— Data excerpt —
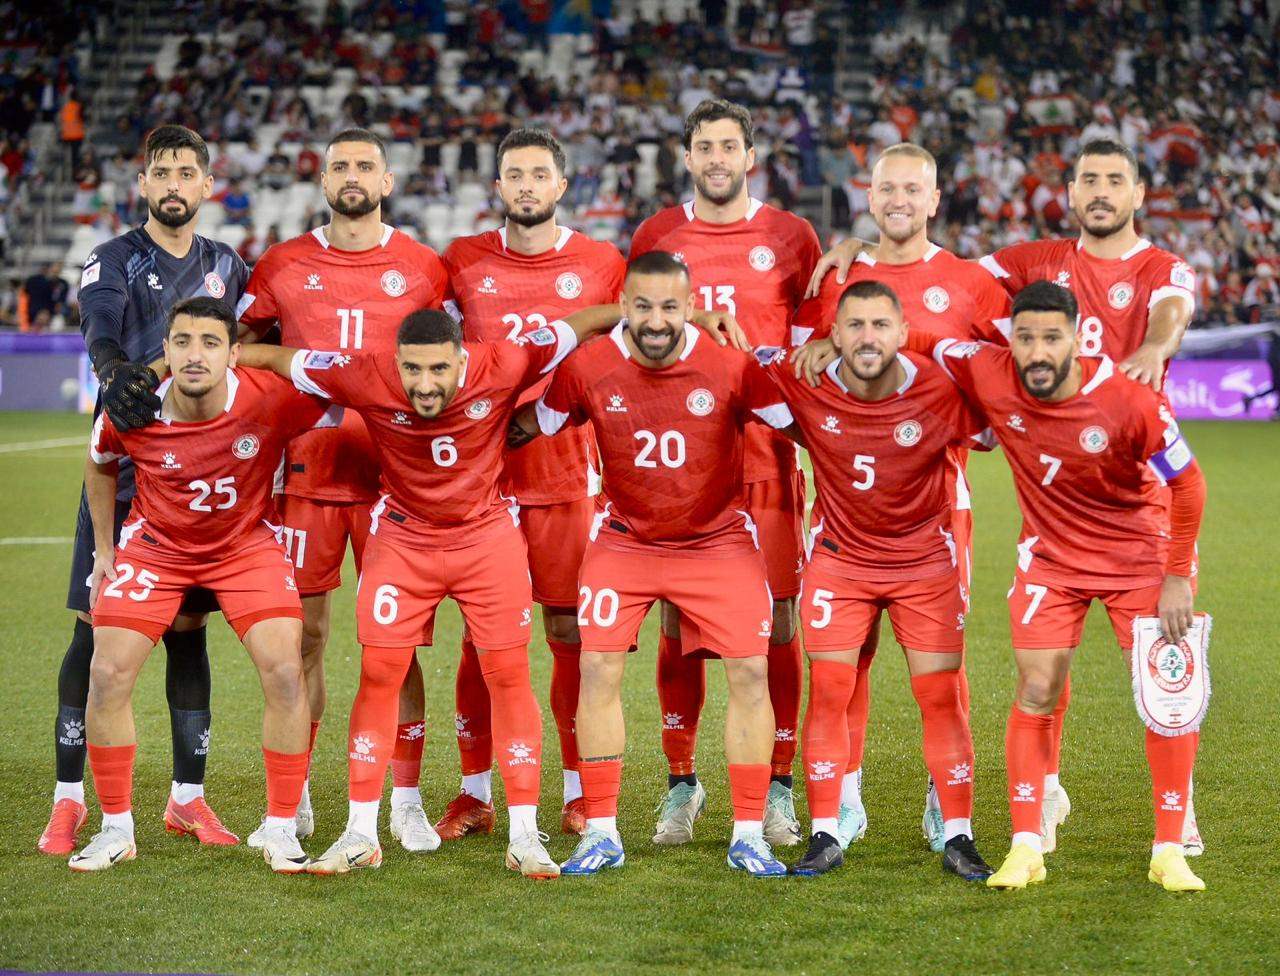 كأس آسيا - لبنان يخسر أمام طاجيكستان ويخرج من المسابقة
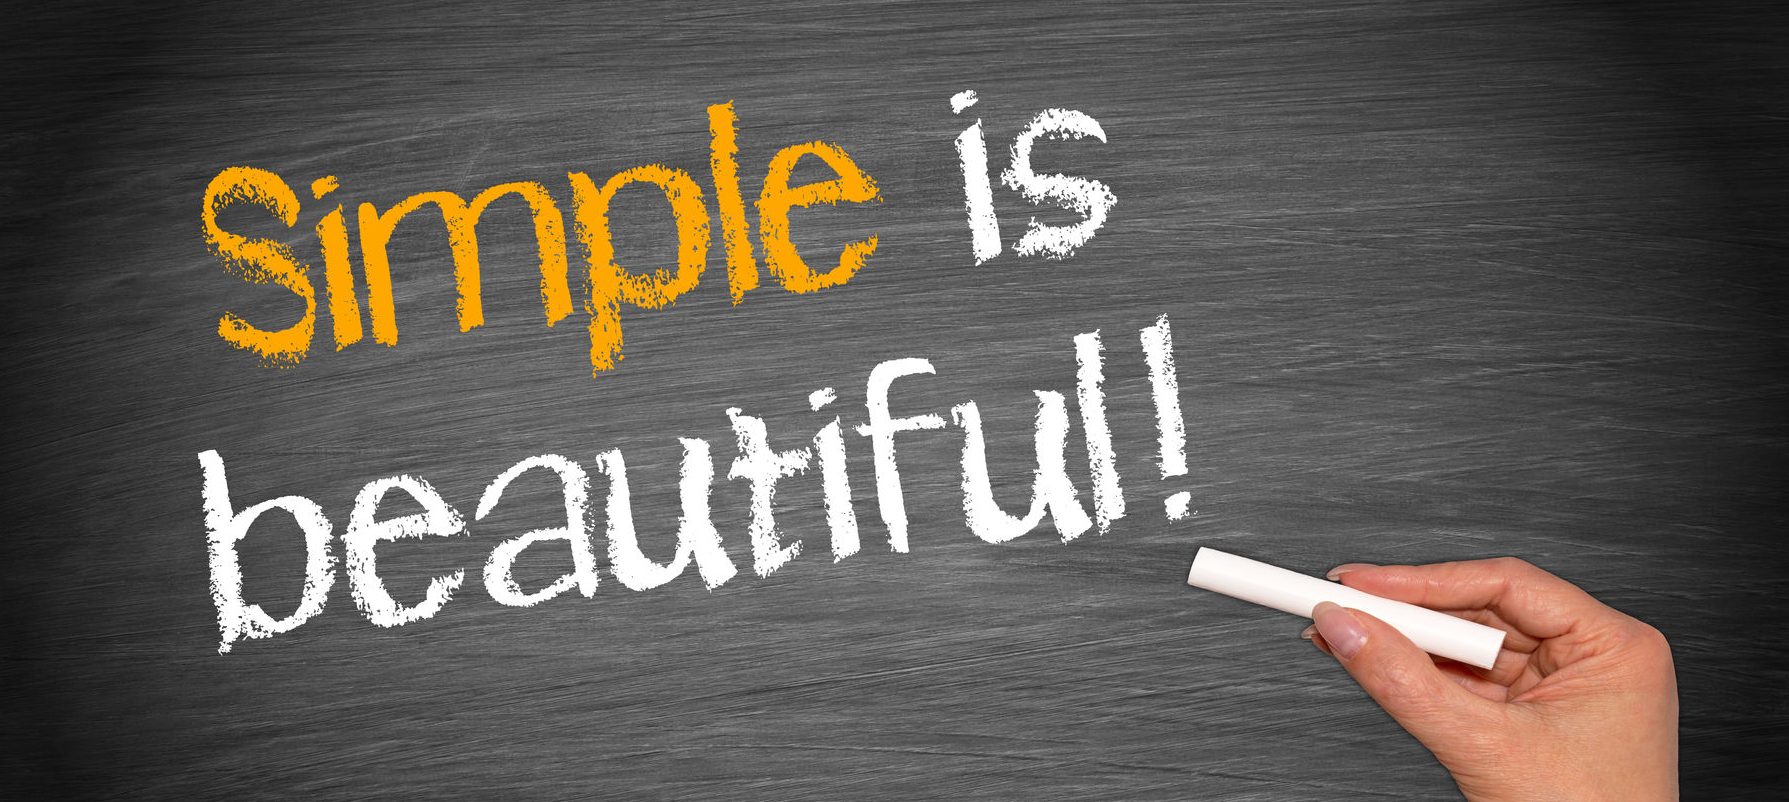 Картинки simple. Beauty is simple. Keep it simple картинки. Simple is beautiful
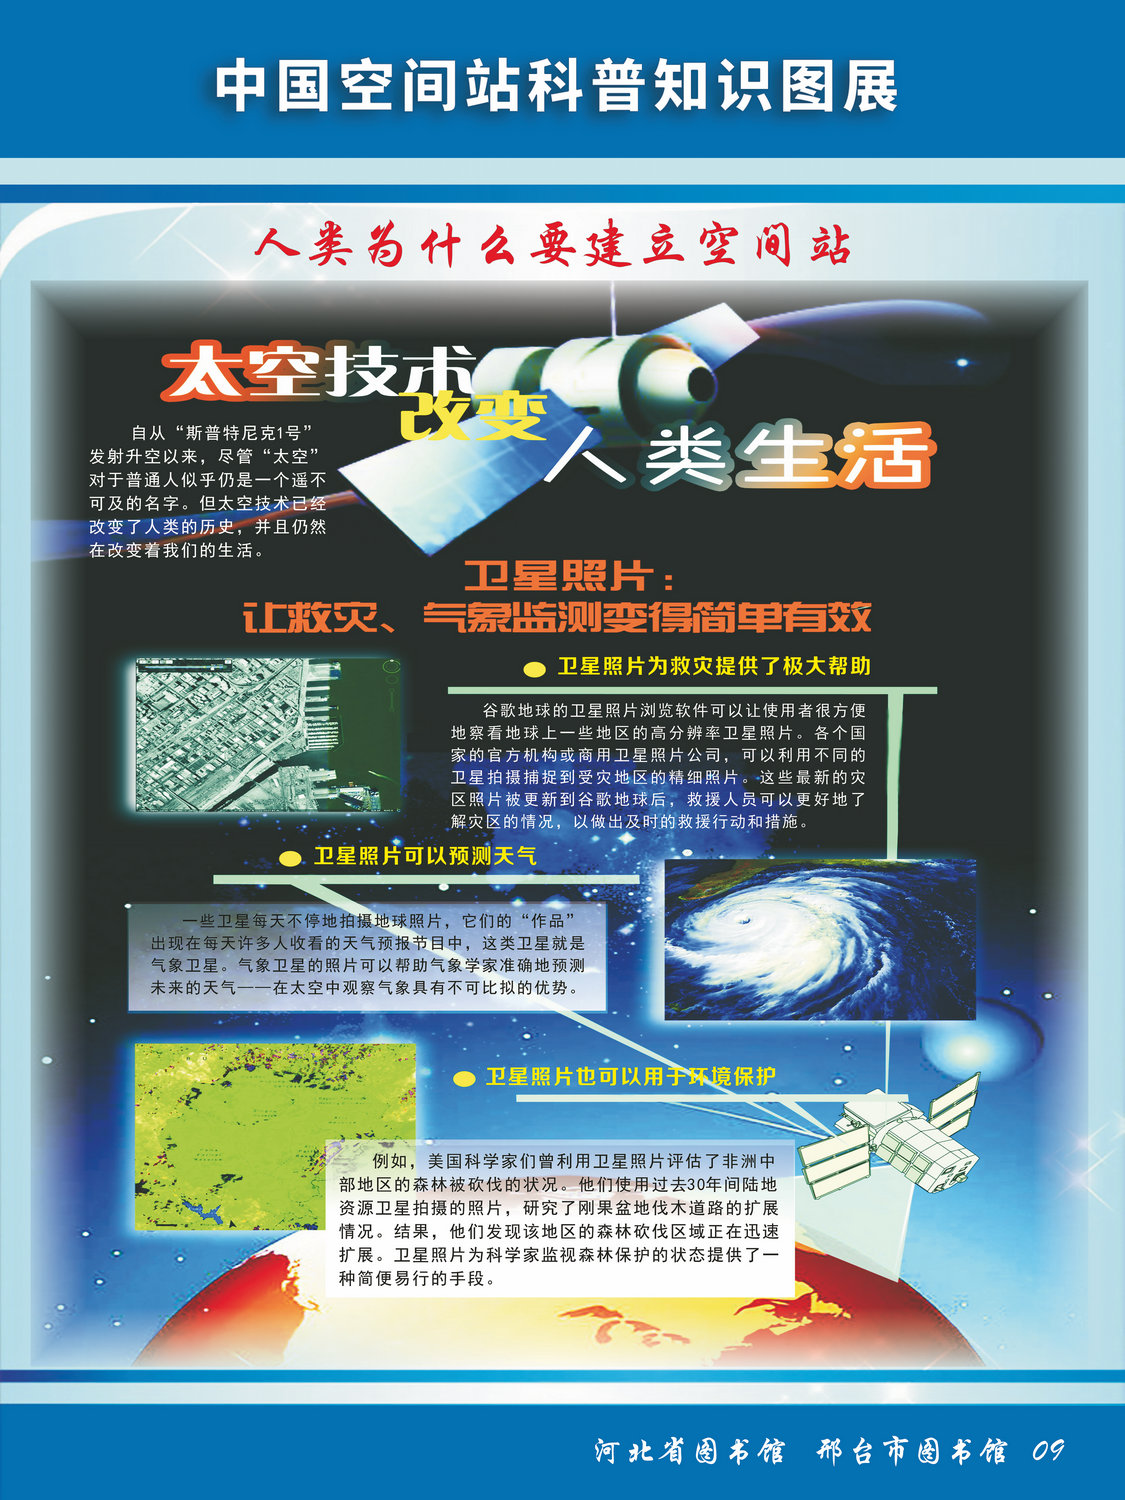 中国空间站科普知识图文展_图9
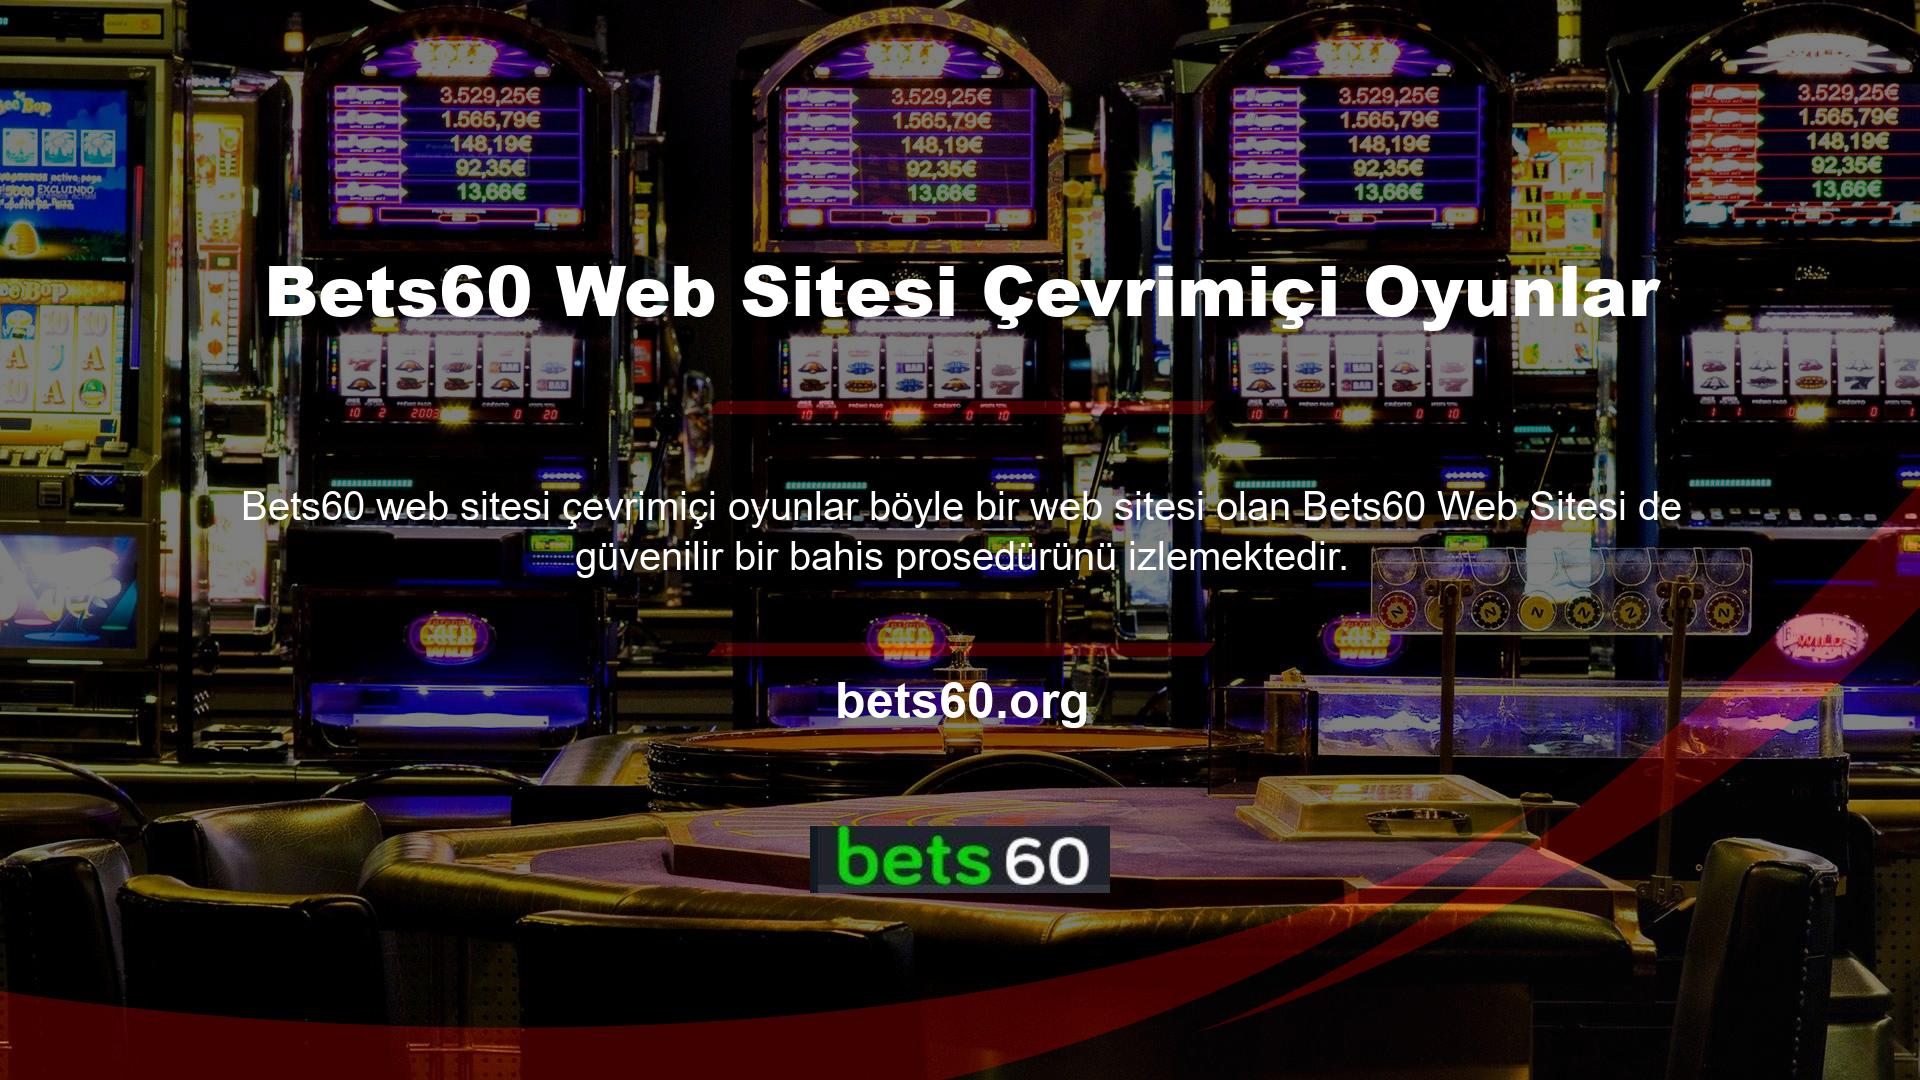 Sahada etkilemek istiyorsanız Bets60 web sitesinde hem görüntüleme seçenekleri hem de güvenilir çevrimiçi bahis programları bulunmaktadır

— Task prompt —
Return the complete material exactly as given, excluding images.

— Answer section —
 كأس آسيا - لبنان يخسر أمام طاجيكستان ويخرج من المسابقة
 Картинки simple. Beauty is simple. Keep it simple картинки. Simple is beautiful
 中国空间站科普知识图文展_图9
 Sahada etkilemek istiyorsanız Bets60 web sitesinde hem görüntüleme seçenekleri hem de güvenilir çevrimiçi bahis programları bulunmaktadır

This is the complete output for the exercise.